However, the situation is not entirely depressing for anarchists. For one thing it is possible for anarchist organisations to expand the circulation of their publications significantly with hard work and organisation. For example, the circulation of Workers Solidarity has increased by a factor of at least ten within three years. Now about 6,000 copies are distributed, mostly delivered door to door, every two months. In addition to the publications put together by organised groups, advances in technology have created something of a boom in DIY publishing of anarchist zines, mostly assembled by individuals or small groups of friends. Although these publications normally have very small circulation and tend not to be aimed 'outwards' at the general public, together they do serve to circulate ideas and debate among a wider group than would otherwise be possible. But most importantly, the development of the Internet has created a new distribution and publication method for radical media, one that has yet to fall under the absolute control of corporate or state power and one that is particularly favourable for anarchists.
Despite the overblown hype about the potential of the Internet to replace all traditional forms of communication, its emergence has still had important effects. It has significantly reduced the costs of distribution of information to mass audiences, thus lowering the financial barrier to entry in the industry. This has allowed organisations without huge financial backing to attract large audiences to their sites without the need to depend heavily on advertising revenue. For example, the web site of the WSM probably attracts significantly more traffic than many of the mainstream political parties in Ireland, despite the fact that we are thousands of times poorer.
The inherently trans-national nature of the Internet has had important effects. By allowing people to communicate without any penalties for physical distance, radical political currents, which were previously too geographically dispersed and thinly spread to form themselves into effective movements, have been able to come together and organise in cyberspace.
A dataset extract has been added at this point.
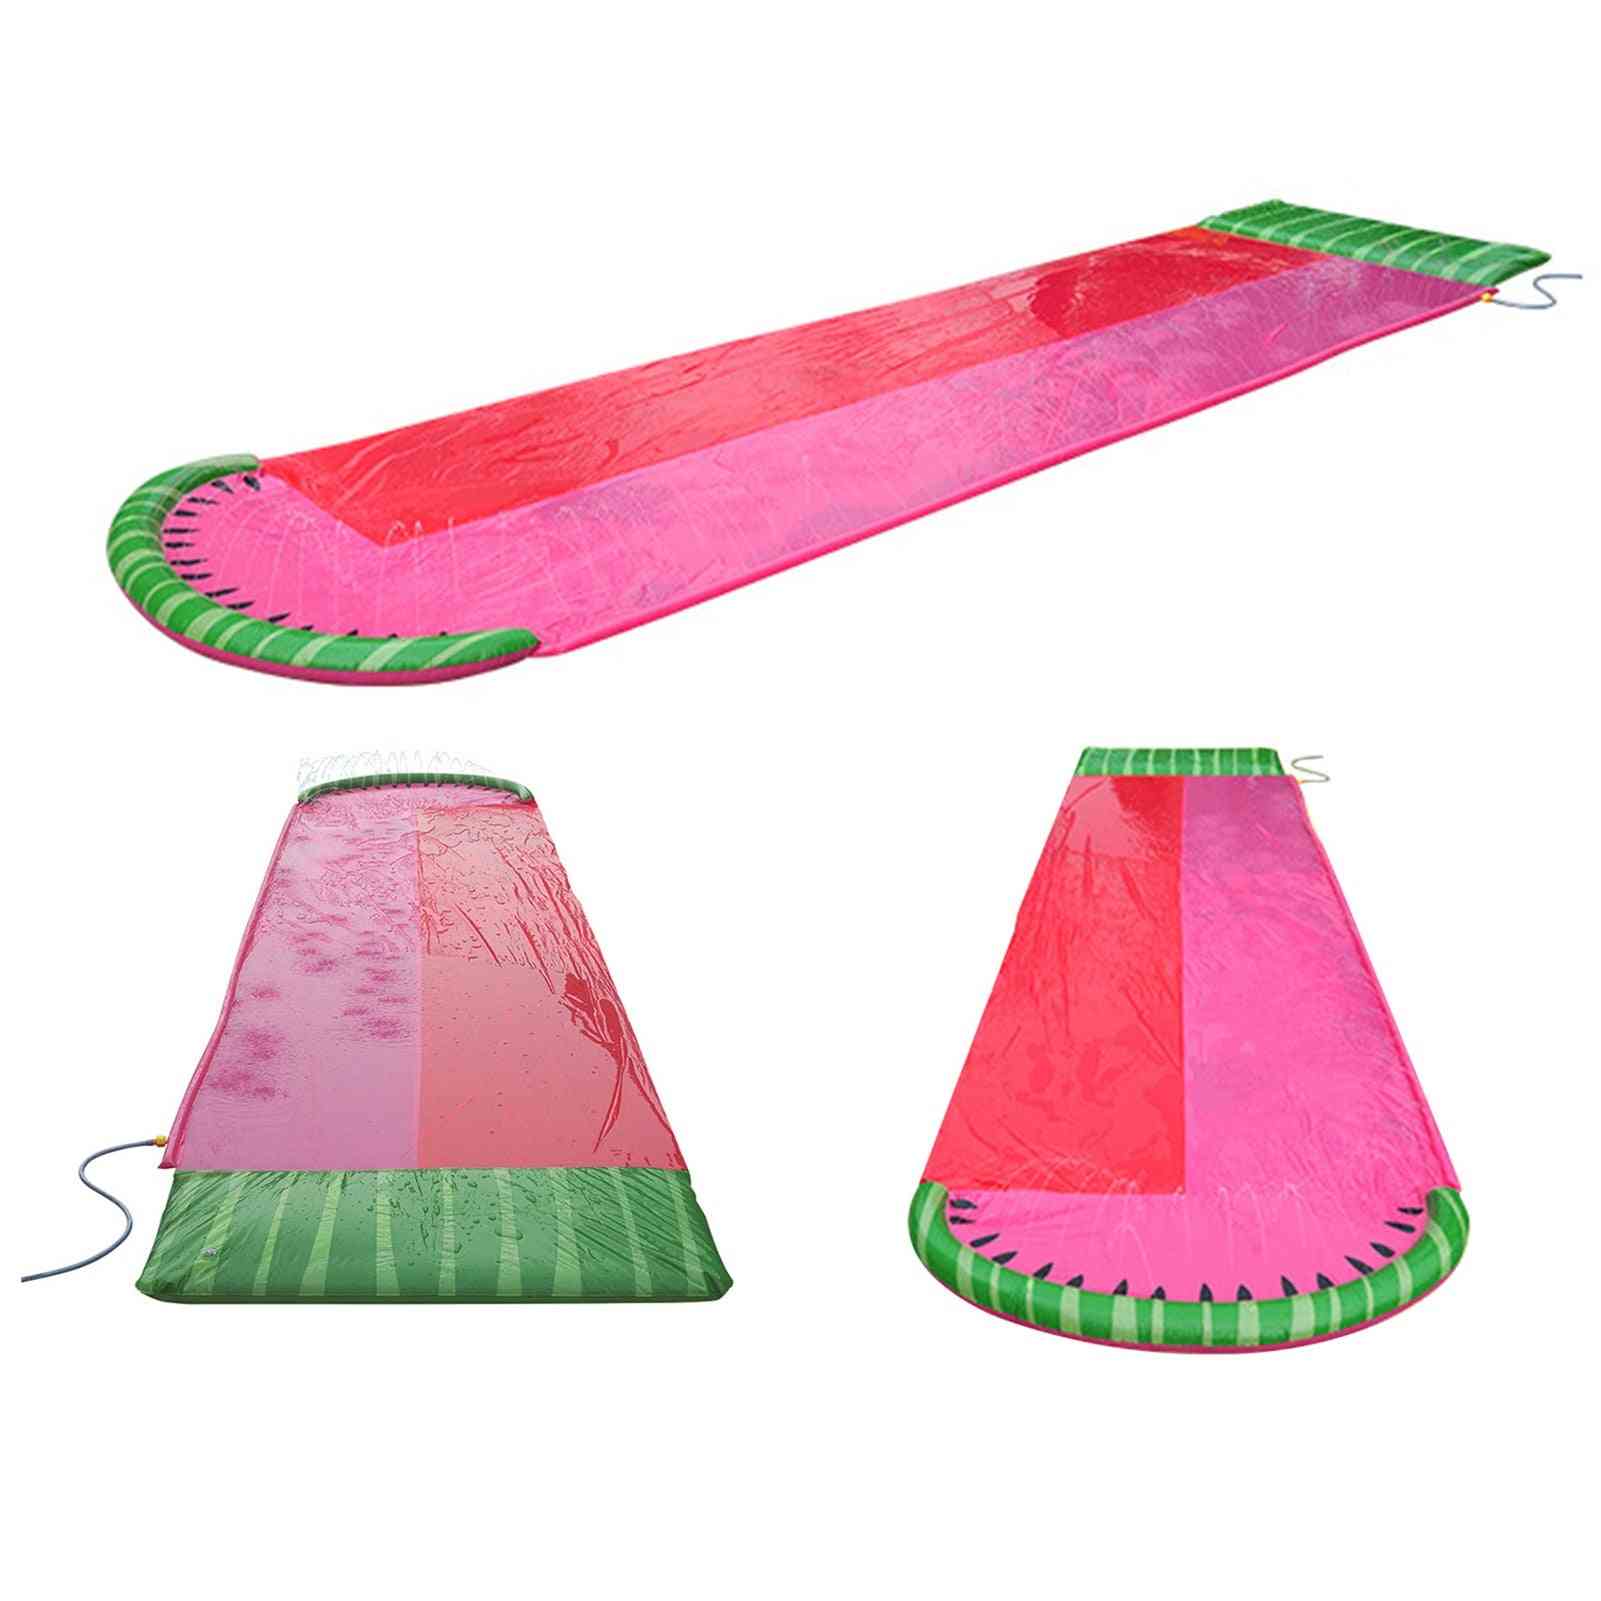 Outdoor Surfboard Water Games With Crash Pad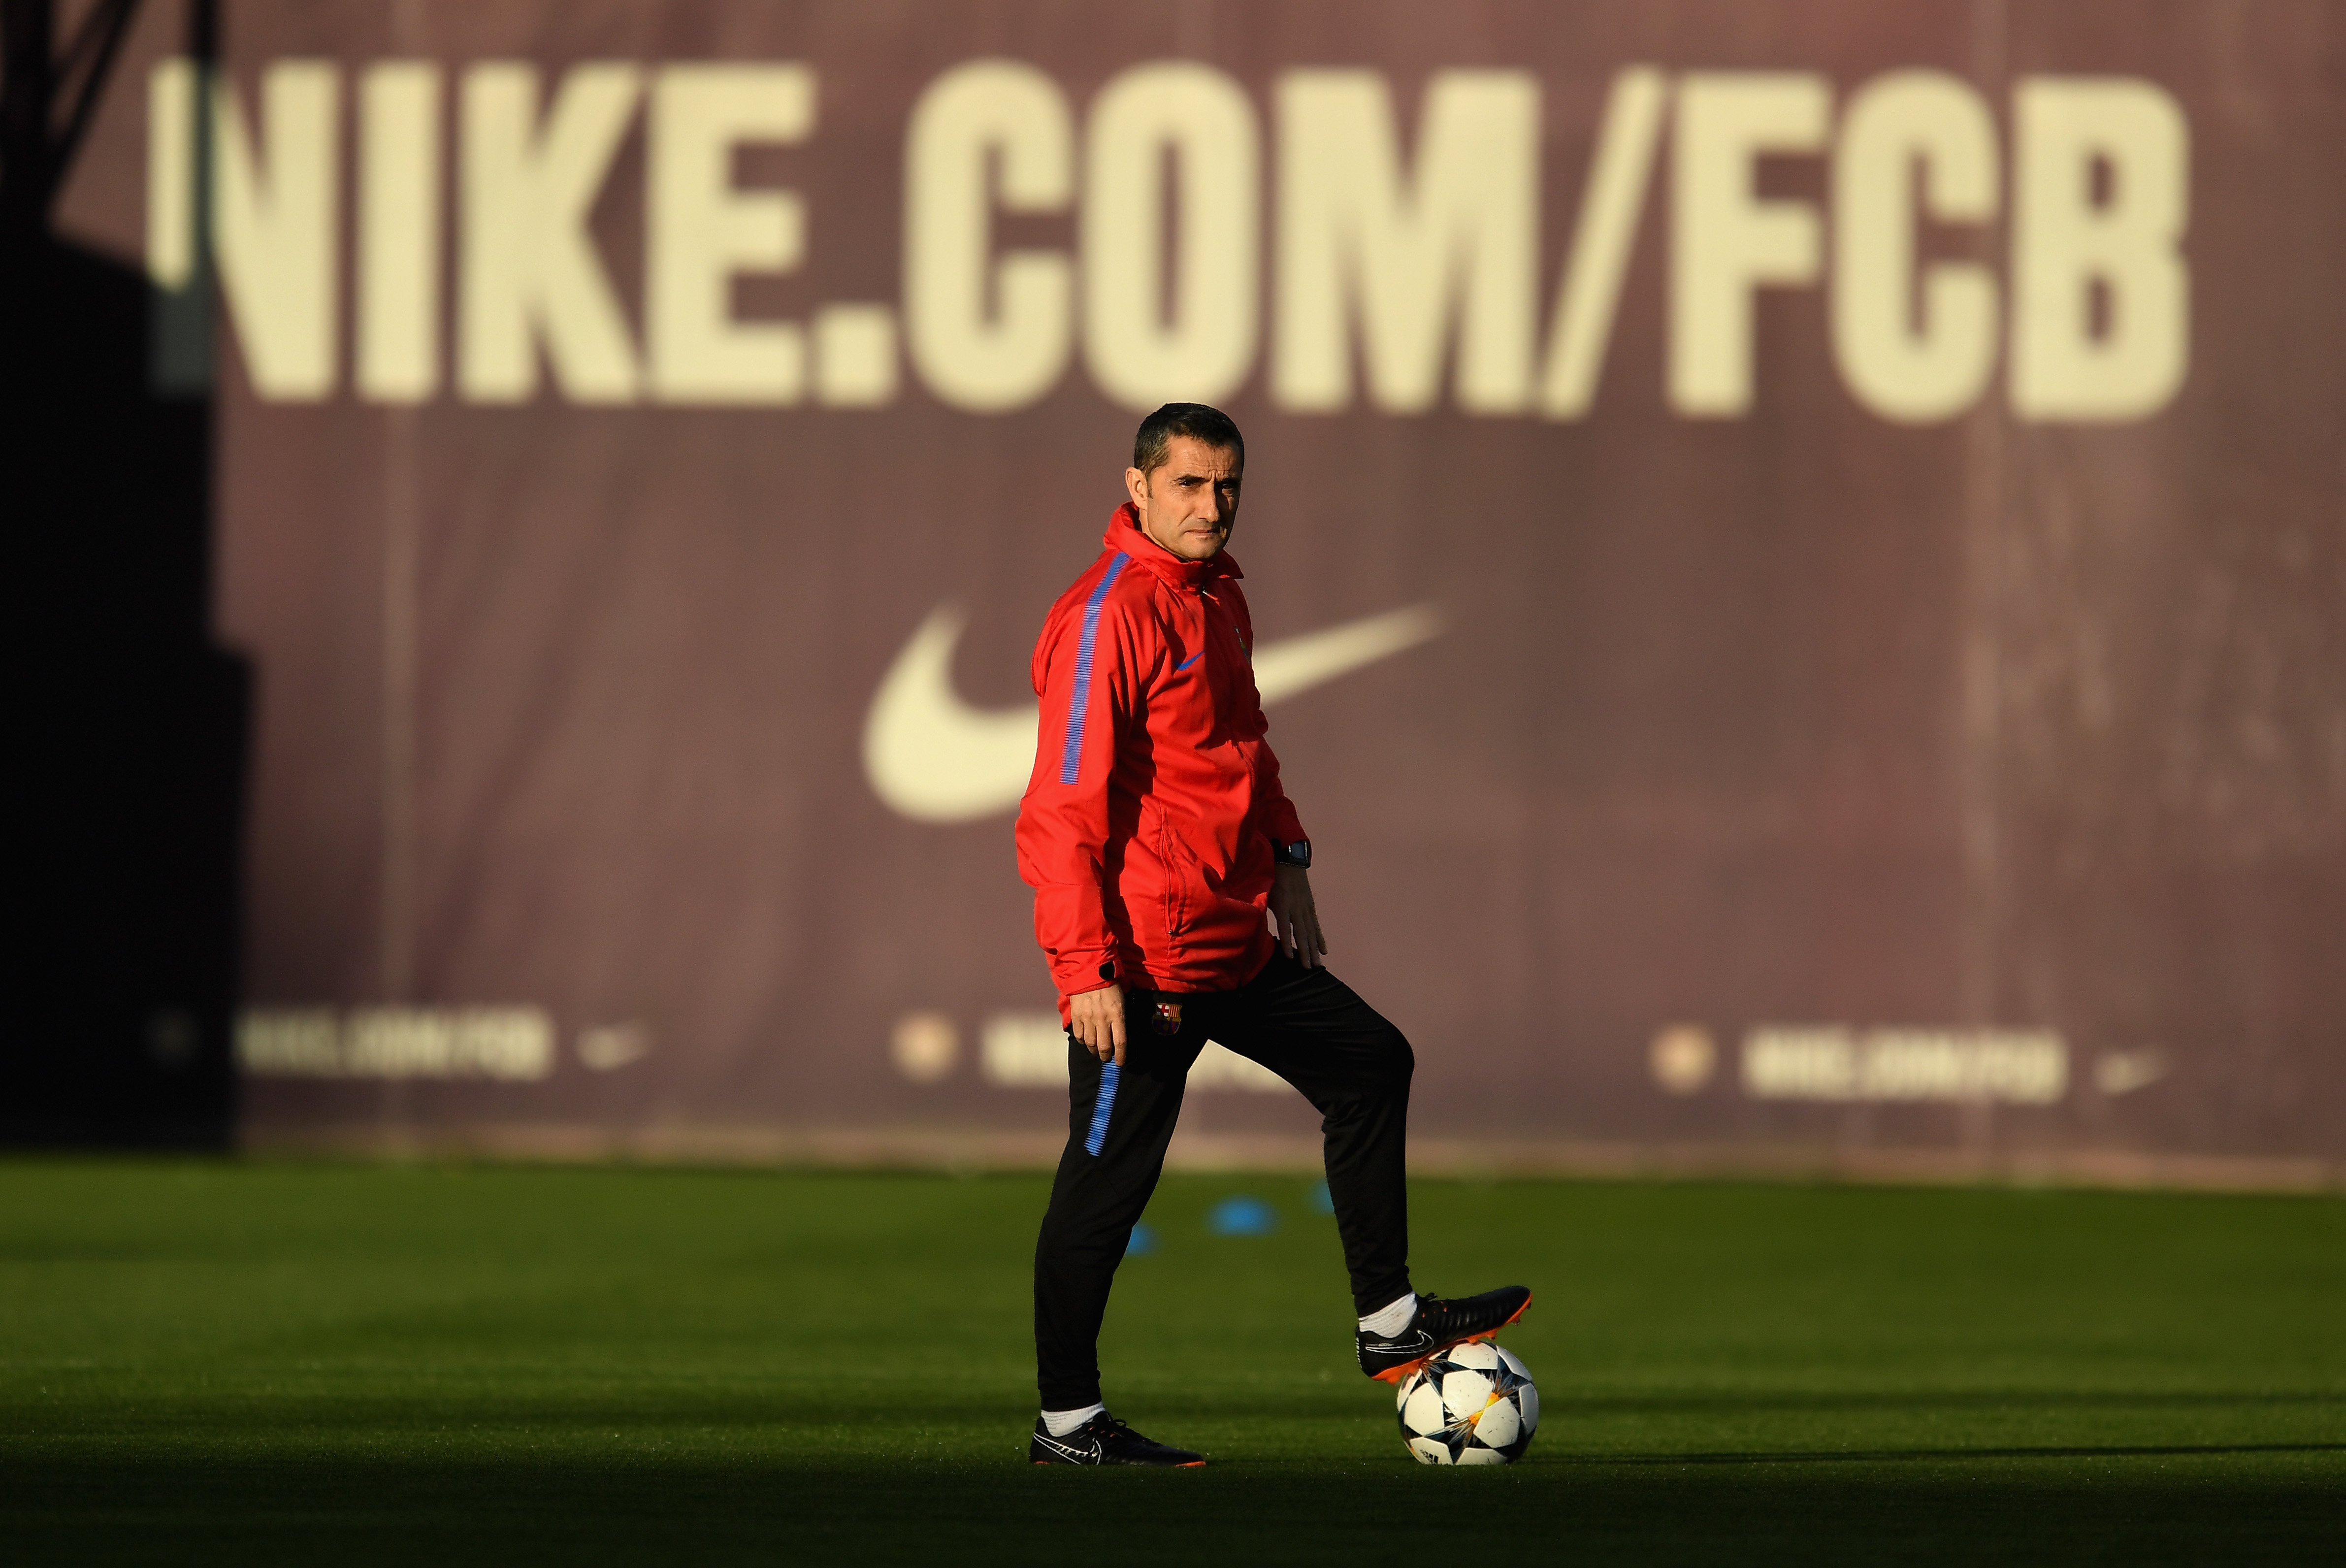 BARCELONA, SPAIN - MARCH 13:  Manager of Barcelona, Ernesto Valverde during a Barcelona during a Barcelona training session ahead of their UEFA Champions League Round of 16 match against Chelsea at Nou Camp on March 13, 2018 in Barcelona, Spain.  (Photo by David Ramos/Getty Images)

The global anti-capitalist movement, which exploded onto the TV screens in Seattle and Genoa, had a long incubation period on the Internet before it was capable of coalescing in the real world. The anarchist movement too owes much of its current growth to the Internet. Not only have anarchist ideas been revived in their traditional bases, they have spread all over the globe, often carried by popular websites and mailing lists to countries without any anarchist tradition, or one that was long dead.
The Internet's trans-nationalism has also allowed non-corporate media to somewhat circumvent the various legal impediments that states have devised to impede radical media. National copyright and libel laws are difficult to enforce when the website is physically hosted in another country. As an international entity, there is no single legal system which has authority over the whole Internet. Unsurprisingly, the US government have been taking steps to remedy this. They have effectively attempted to legislate for the entire Internet, through the promotion of multi-lateral agreements, like the treaties on intellectual property rights agreed at the World Trade Organisation, or through unilateral measures like the Digital Millennium Copyright Act, where the US attempted to prosecute foreign companies for breaking US copyright law. Although such legal control is still limited, it is a constant threat to free communication on the internet. History tells us that the more that states can legally control the information distributed on the Internet, the more dominated by the corporate sector it will become.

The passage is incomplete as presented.